The employee-owned group, which has been outperforming the broader retail sector for over a year, said on Friday its department store sales totalled 76.7 million pounds in the week to March 30, which included the Good Friday holiday. Easter fell later in April a year ago.

The group's home division saw sales rise 22.5 percent with a record week at its cooking and dining unit, while its electrical and home technology department saw sales rise 46.7 percent.

The cold snap that has engulfed Britain in recent weeks limited sales growth at its fashion division to 4.6 percent, however. Online sales increased 14.6 percent.

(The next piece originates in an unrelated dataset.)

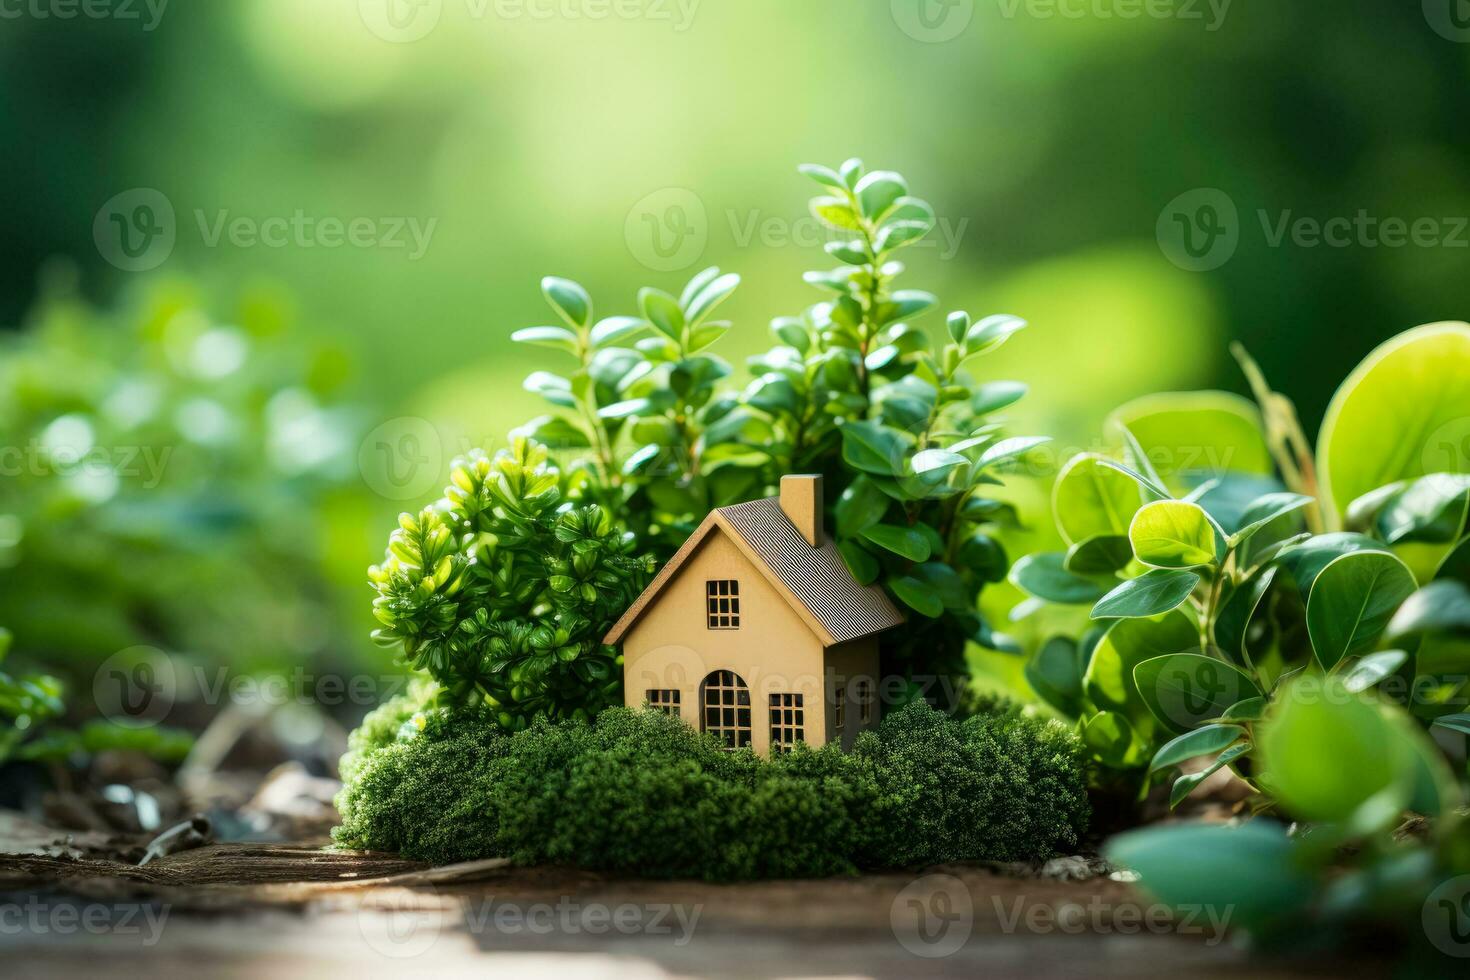 miniatyr- eco hus belägen i en grön miljö på gräs foto

While many of its rivals have found the going tough as consumers deal with a squeeze on incomes, John Lewis sales were up 14.4 percent year-on-year in the nine weeks to March 30, helped in part by its more affluent customer base.

"The impressive John Lewis performance gives a lift to hopes that retail sales held up reasonably well in March after jumping in February," said Howard Archer, chief economist at IHS Global Insight.

Easter also proved a bumper period for the group's grocery chain, Waitrose, which saw its biggest ever sales week outside of Christmas, with total sales excluding petrol of 140.7 million pounds last week as shoppers stocked up with favourites like lamb and confectionary.

This represents a 33.9 per cent sales uplift when compared to the same week last year and a 14.8 per cent increase on last year's Easter week.